Besides being a gifted singer-songwriter who paints with words, SONiA also is a visual artist. The 24-page booklet included with Tango features images that she painted, as digitally captured and graphically manipulated by Cerulli, who also is a graphic artist. “Tango is thoroughly a joint collaboration of our creative abilities, musically and otherwise,” says the artist. She views the watercolor backgrounds on which the lyrics appear as setting or reflecting the tone of the album — with the more vibrant reds, oranges and yellows corresponding with the Latin sound, and the warmer textures and tones associated with the Middle East. SONiA has been painting for years. She takes particular pride in a recurring theme of “kissing guitars” — two guitars bending into each other’s shapes.
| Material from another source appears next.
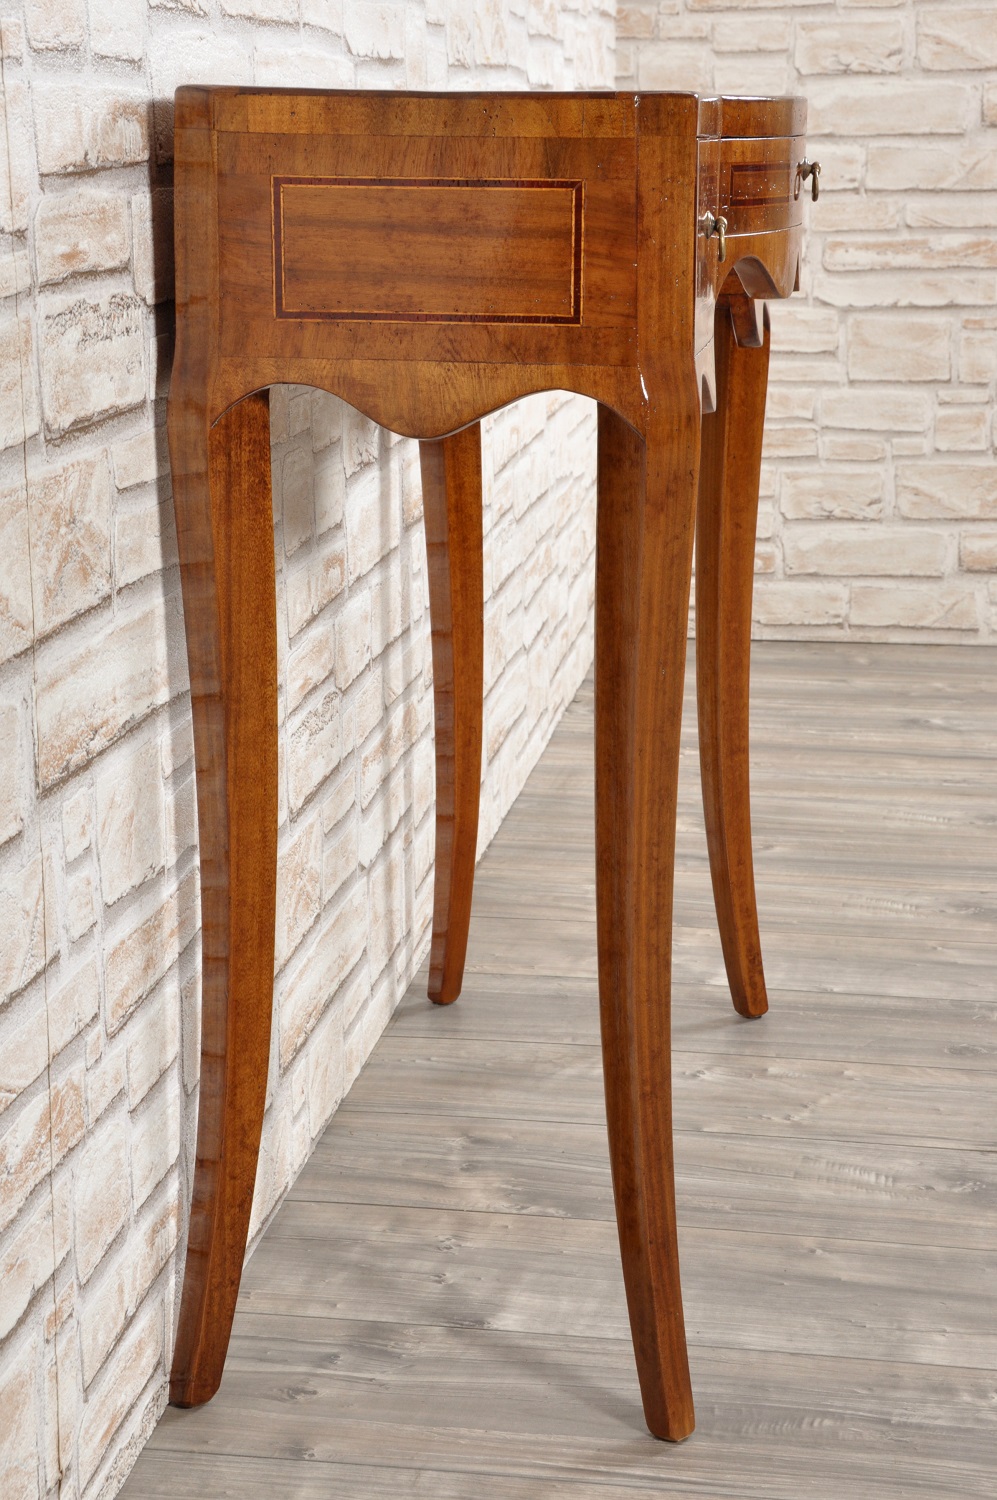 consolle sagomata e lastronata in legni pregiati realizzata nello stile classico vicentino con intarsiature riprodotte a mano

Although her current focus is “mostly bringing Tango to the world,” SONiA also plans to work on her Arabic, Hebrew and Spanish skills. “As time goes on, there may be other songs that I’ll translate. It’s different and it’s really fun,” she said.

SONiA also has written several soundtracks for film. These include last year’s “Autumn’s Harvest,” a short documentary by Dave Marshall, chronicling the life of a migrant worker who is HIV positive, that is being screened at film festivals the world over. She hopes to contribute to more soundtracks in the future. “Writing music for film is quite different. You have to zone into the moment and the message,” she said.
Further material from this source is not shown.